Увы, «избранная рада» была настроена совершенно иначе. И очень быстро осмелела. В болезни Иван Васильевич дал обет, если останется жив, совершить паломничество по святым местам. Но опять начались странности. Сильвестр и его товарищи с какой-то стати взялись настойчиво и упорно отговаривать царя. Он не согласился и в мае 1535 г. со всей семьей отправился в путь. Начал с Троице-Сергиева монастыря, посетил там престарелого св. Максима Грека. Но когда уже поехали дальше, Адашев и Курбский предприняли еще одну попытку остановить царя! Солгали, будто преподобный Максим передал через них страшное пророчество. Если Иван Васильевич не повернет назад, погибнет царевич Дмитрий. Государь прерывать поездку не стал. Добрались до Дмитрова, побывали в Николаево-Пешношском монастыре. Оттуда по рекам отплыли в Кирилло-Белозерскую обитель. И предсказание вдруг исполнилось… На одной из стоянок, поднимаясь по сходням в струг, кормилица каким-то образом уронила младенца в реку, он утонул.

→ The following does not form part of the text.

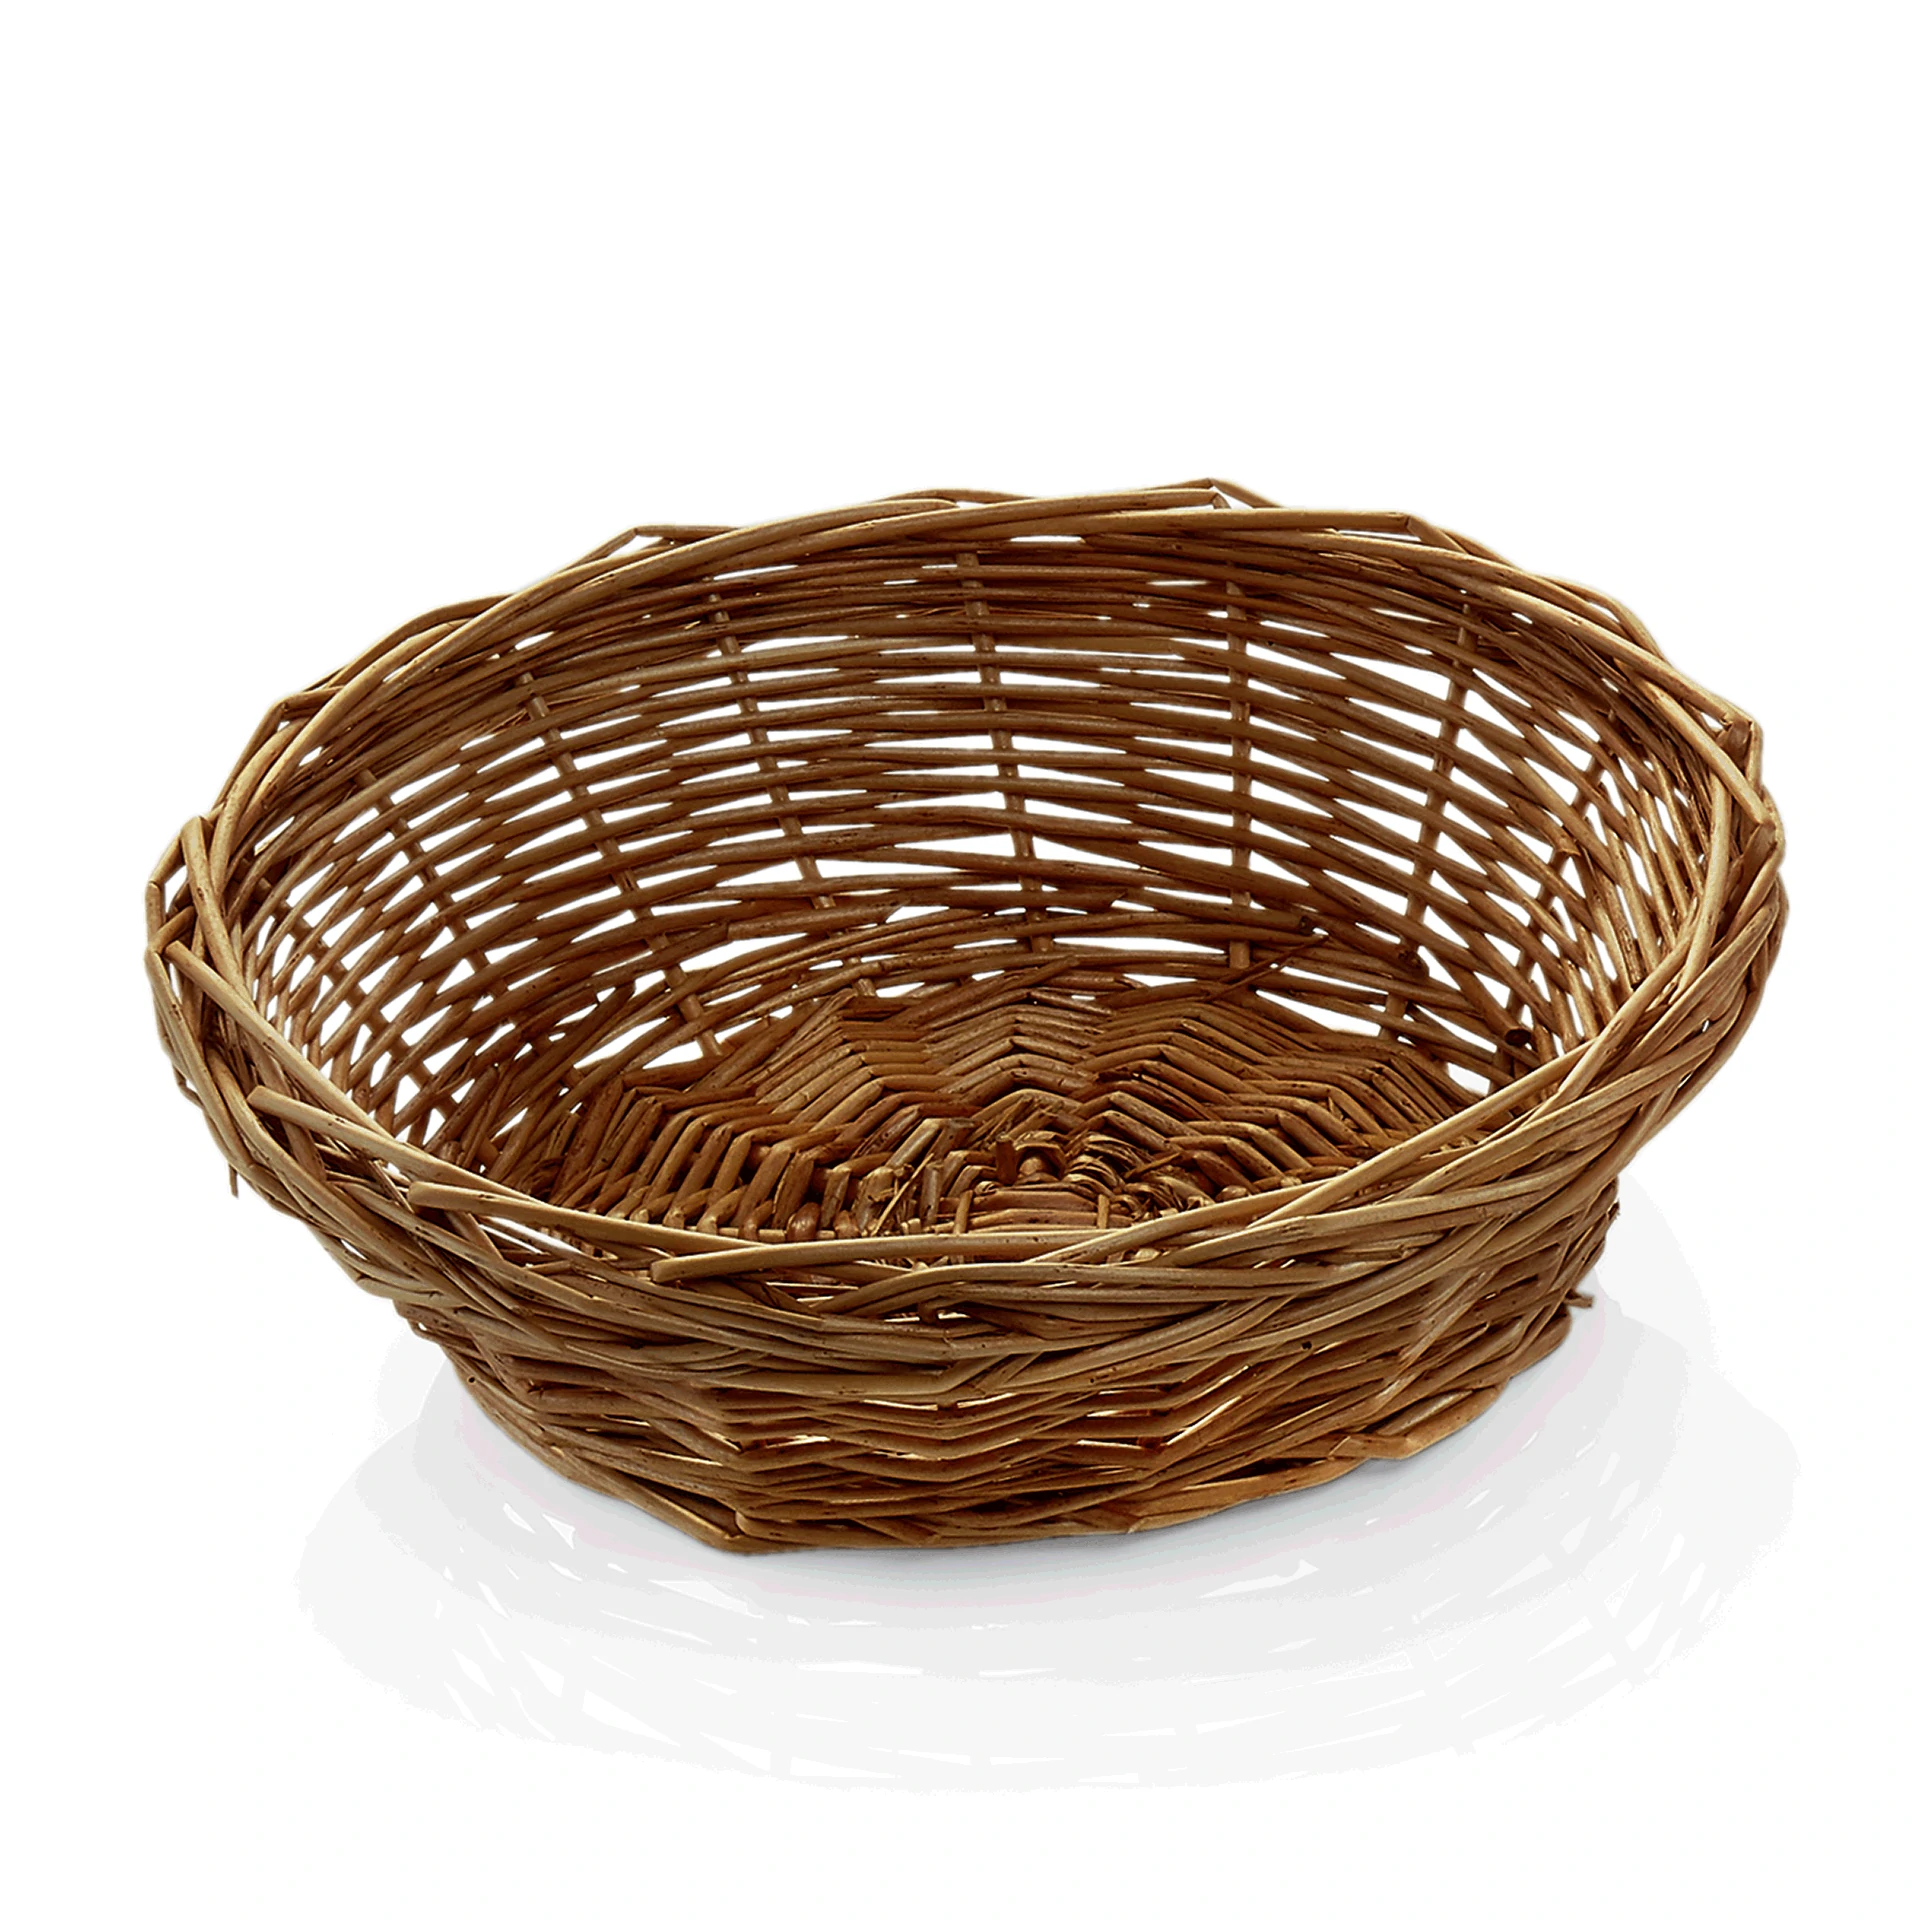 Basket 3136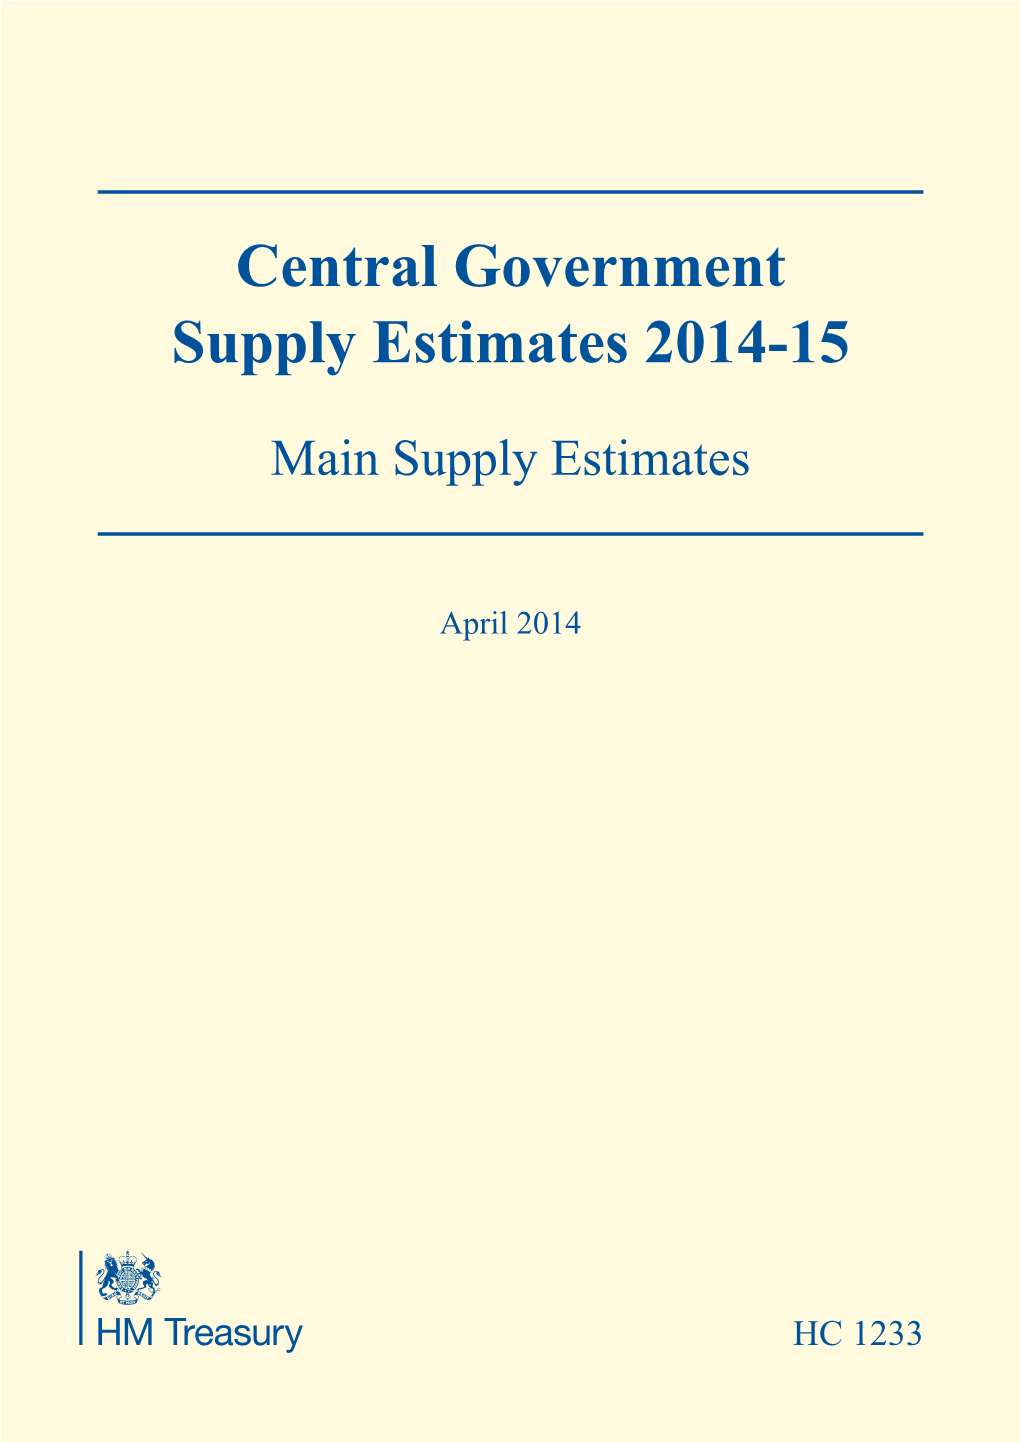 Supply Estimates 2014-15

Совпадение? Ох, не верится в такие совпадения! Что же это за кормилица, которая так небрежно держала царского сына? Если бы как следует прижимала к груди, упала бы вместе с ним, но не выронила. И почему те, кто был рядом, сразу не кинулись в реку за младенцем? Кстати, и в само «пророчество» позволительно не верить. Зачем стал бы св. Максим передавать столь деликатное предупреждение через Курбского и Адашева, если перед этим беседовал с царем и мог ему все сказать лично? Зато «пророчество» очень уж четко совпало с желаниями Сильвестра. Вот и возникает еще одна загадка. С какой стати священник, наставлявший царя в благочестии, препятствовал паломничеству?